Problem to work on -
Only one stretch of the records below should be repeated. It starts with the line containing "EAST LONDON SOUTH" and goes on through the line containing "Blue Multicolored Paisley", exactly as written.

Listed entries -
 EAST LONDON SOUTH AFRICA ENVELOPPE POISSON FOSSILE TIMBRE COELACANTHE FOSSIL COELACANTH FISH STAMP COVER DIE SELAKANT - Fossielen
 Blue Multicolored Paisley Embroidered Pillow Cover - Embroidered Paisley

...

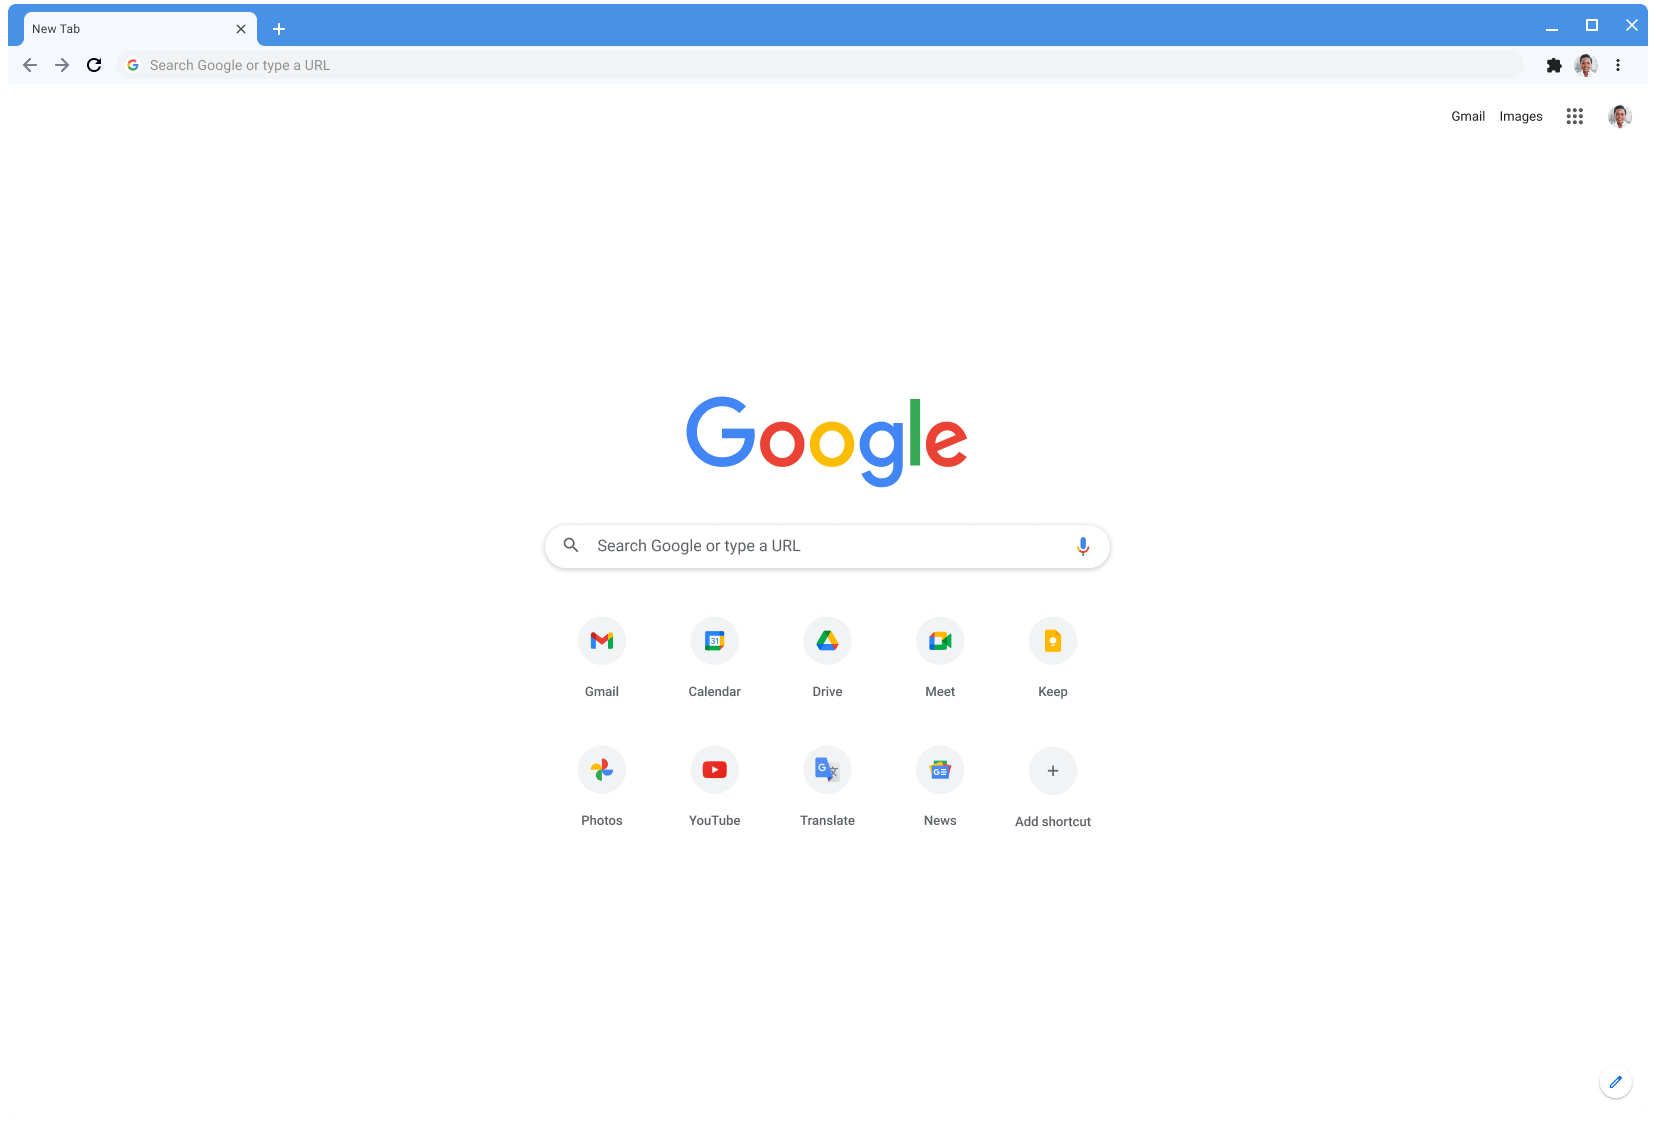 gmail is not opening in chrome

Solution -
 EAST LONDON SOUTH AFRICA ENVELOPPE POISSON FOSSILE TIMBRE COELACANTHE FOSSIL COELACANTH FISH STAMP COVER DIE SELAKANT - Fossielen
 Blue Multicolored Paisley Embroidered Pillow Cover - Embroidered Paisley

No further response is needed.